To improve system throughput and efficiency, transactions in sharding blockchains are processed by multiple committees in parallel. However, at the beginning of each epoch, nodes take time to form committees, and the imbalance in latency between committees increases the transaction confirmation time, thereby reducing blockchain throughput. Therefore, it is necessary to investigate how to efficiently schedule committees to reduce transaction waiting time and improve system performance [
9]. In addition, in dynamic IoT environments, the system faces a number of challenges that can impact the stability of committees and the overall performance of the system. For example, joining and leaving of nodes, fluctuations in transmission latency, and attacks by malicious nodes can lead to changes in committee members, which impacts the stability of the system [
10]. Existing sharding protocols generally perform well in static network environments, but are relatively poorly adapted to dynamic changes, which may lead to performance fluctuations and security risks. Therefore, establishing effective scheduling committees to optimize system performance and ensure security in dynamic environments becomes a feasible way to address these challenges.
In this paper, a committee utility optimization scheduling algorithm (CSA) is proposed for IoT blockchain sharding. The CSA algorithm can dynamically adapt to the changes of the committees in real time, autonomously select the optimal committee, and quickly adjust the scheduling strategy when the committee members change. This ensures high throughput and stability in dynamic environments. In addition, CSA offers low latency, high real-time performance, and robust security against attacks such as Sybil and eclipse attacks. The proposed optimization algorithm not only solves the problem of inefficient scheduling in IoT blockchain systems, but also enhances the robustness of the system to handle dynamic node changes, network latency fluctuations, and various security challenges. Specifically, the contributions of this paper are described as follows.

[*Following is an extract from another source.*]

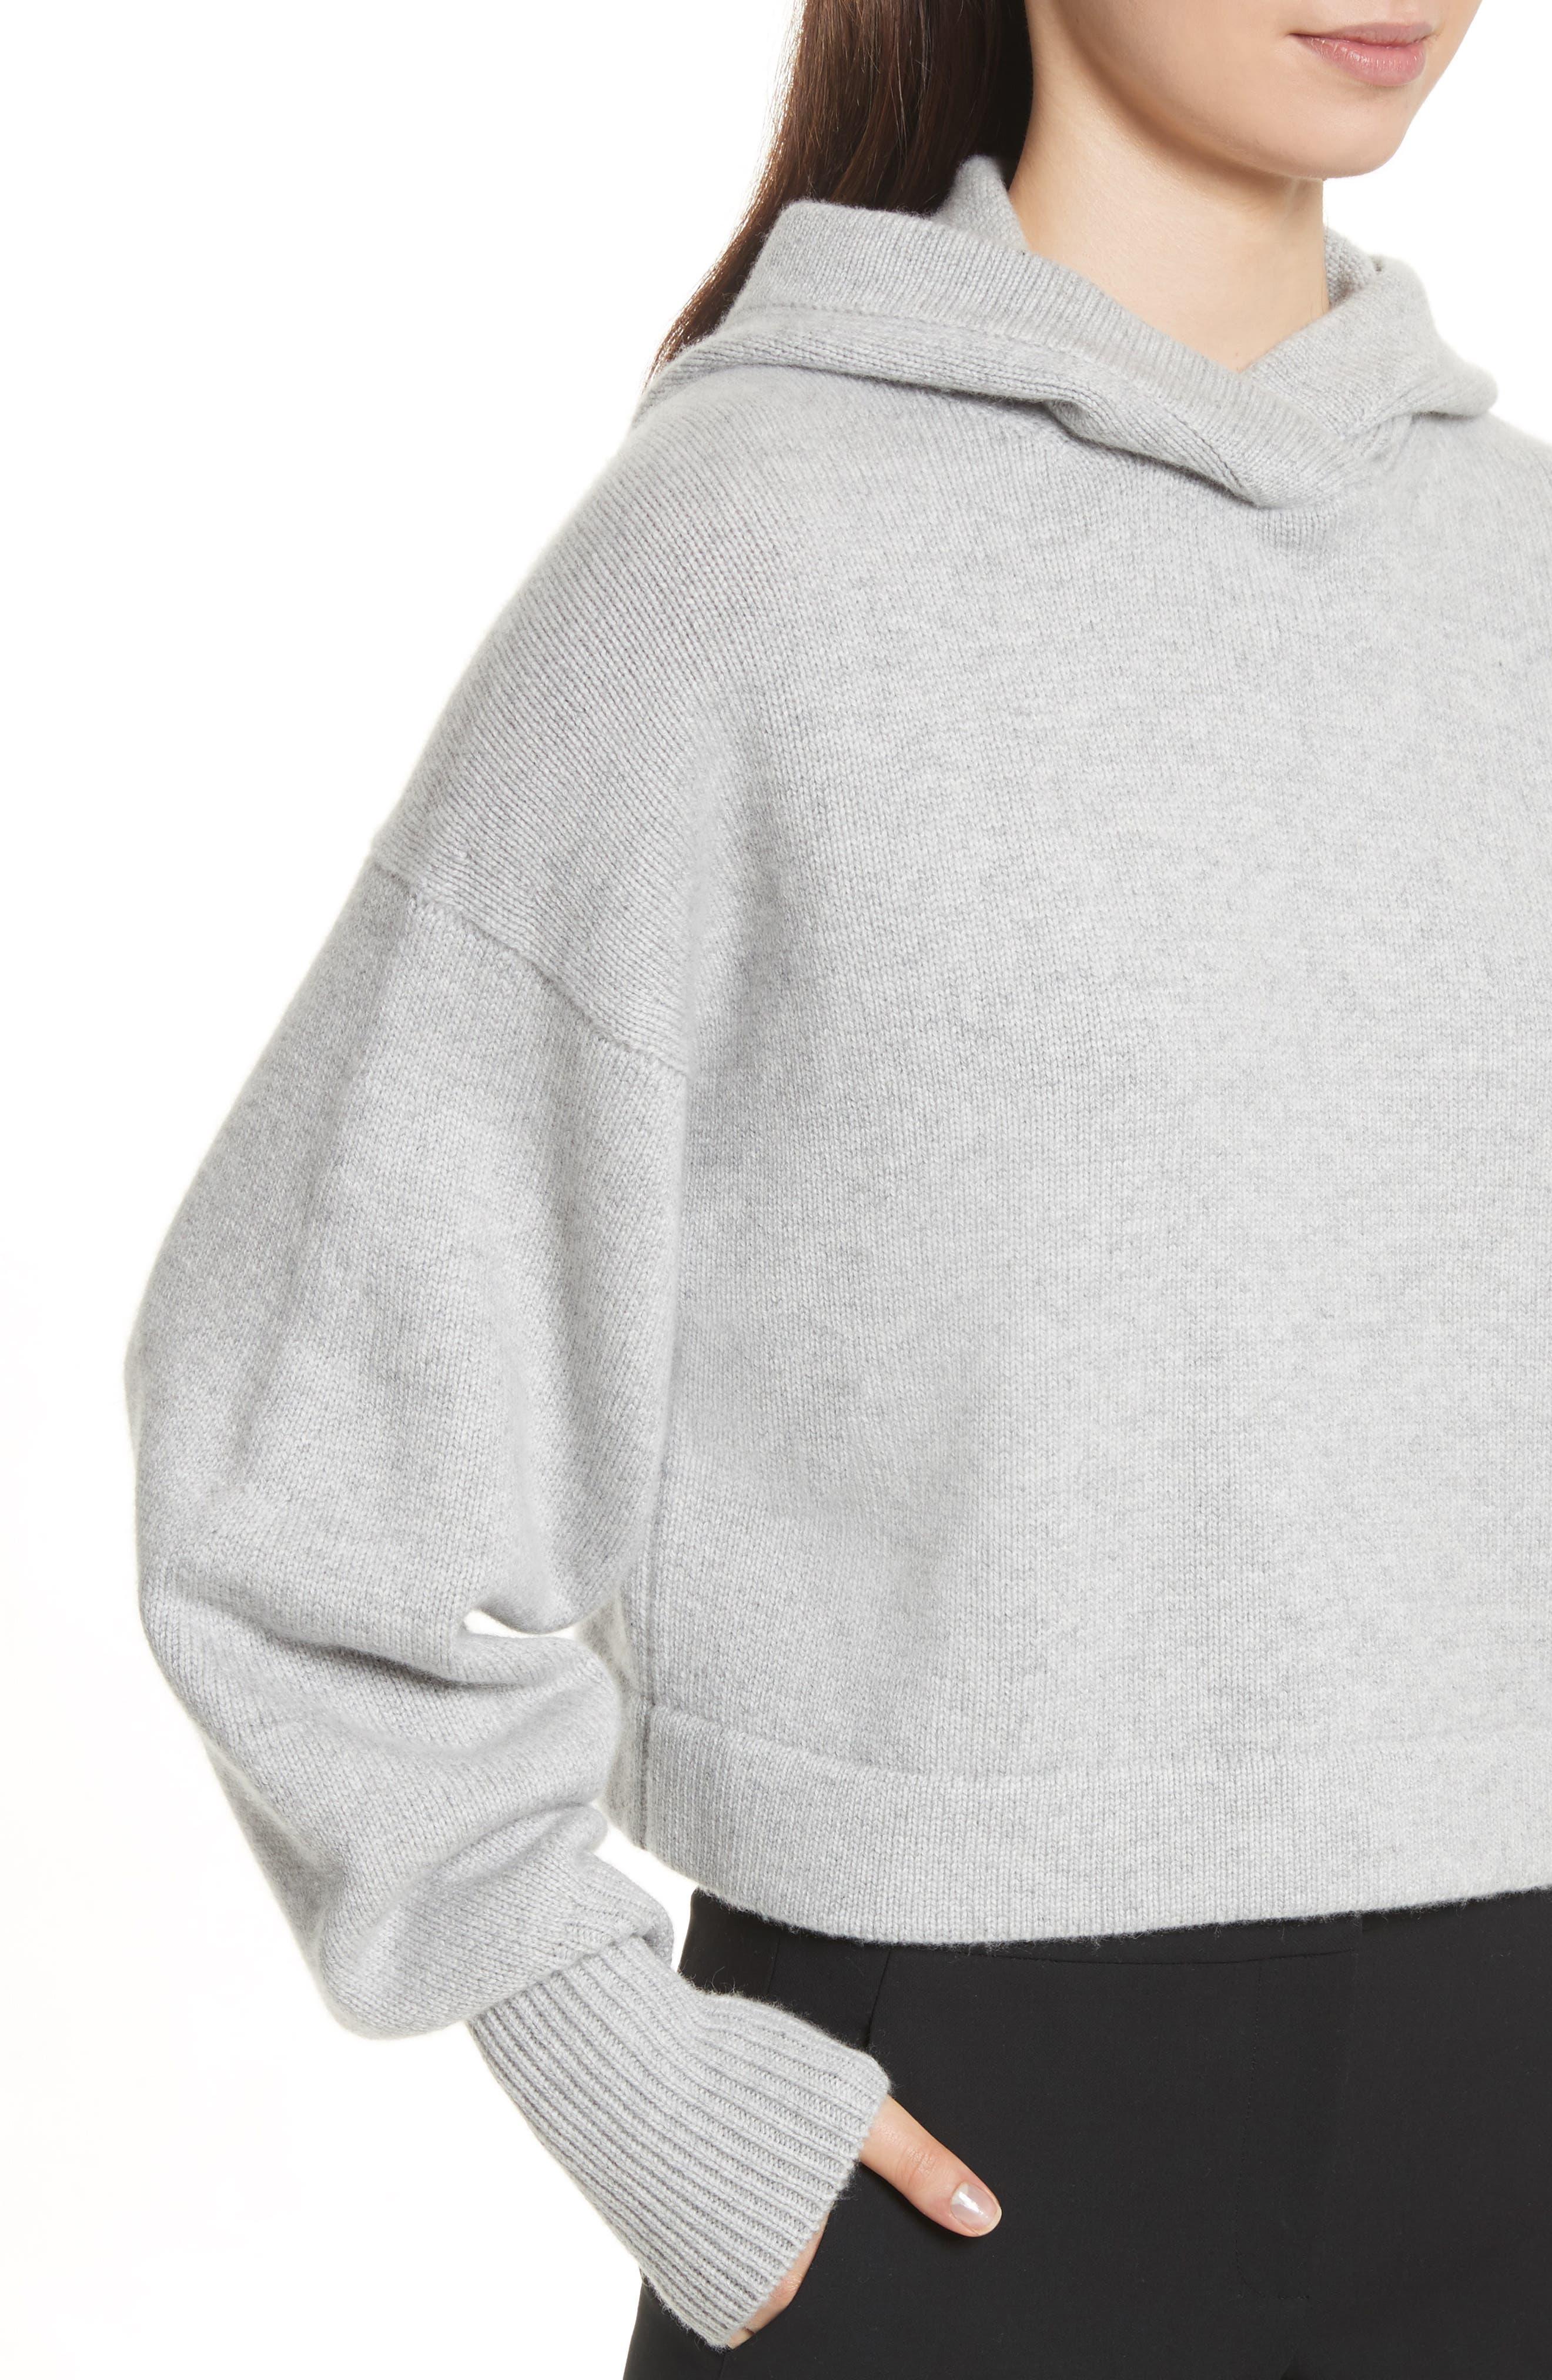 Blouson Sleeve Cashmere Hoodie,                             Alternate thumbnail 5, color,                             Heather Grey

We propose an IoT blockchain Committee Scheduling Algorithm (CSA), which enables the system to prioritize committees with strong processing capabilities and low latency, thereby enhancing system efficiency and reducing transaction latency.
CSA improves the committee scheduling optimization framework by incorporating transaction fees as a metric, making the system’s utility considerations more comprehensive and optimized. By designing a well-structured Markov chain state space and transition probability matrix, it achieves iterative optimization among feasible solutions, ultimately selecting the best committee scheduling scheme, thus addressing the inefficiency issues in IoT blockchain systems.
CSA adopts Kullback–Leibler (KL) divergence to analyze performance disturbances, replacing the traditional total variation distance, thus providing a more precise method for measuring distribution deviations and offering a solid theoretical foundation for disturbance analysis in complex systems. The committee scheduling optimization framework effectively handles uncertainties such as dynamic node changes and network latency fluctuations in IoT environments, and can mitigate security threats like Sybil and eclipse attacks, thereby enhancing the system’s security.
The remainder of this paper is organized as follows:
Section 2 reviews related work on blockchain sharding and IoT blockchain technologies.
Section 3 presents the proposed CSA, including problem definition, technical details, algorithm implementation, and convergence analysis.
Section 4 offers a theoretical analysis and performance evaluation. Finally,
Section 5 summarizes the paper and discusses future research directions.
2. Related Work
Blockchain sharding technology, with its characteristics of scalability, decentralization, security, and anonymity, makes it a promising solution to address the challenges in the Internet of Things (IoT). Many representative sharding blockchain protocols have been proposed [
11,
12,
13]. For example, Zamani et al. [
14] proposed RapidChain, a fault-tolerant sharding protocol for permissionless blockchains. RapidChain leverages efficient cross-shard verification methods to improve throughput, and eliminates the need for flood broadcasting messages. To improve the efficiency of cross-shard transactions, Amiri et al. [
15] introduced SharPer, a permissioned blockchain system that improves scalability by reallocating different data shards to different network clusters. Wang et al. [
16] proposed a blockchain sharding scheme—Node Rating Sharding (NRS). This approach evaluates and selects nodes with high reputation for shard participation, thereby improving system security and shard resilience while reducing threats from nodes with low reputation. Nguyen et al. [
17] introduced OptChain, a new shard placement approach aimed at reducing the number of cross-shard transactions. Similarly, Dang et al. [
18] developed a generic distributed transaction protocol for blockchain sharding, which improves the efficiency of shard generation by utilizing Elastico.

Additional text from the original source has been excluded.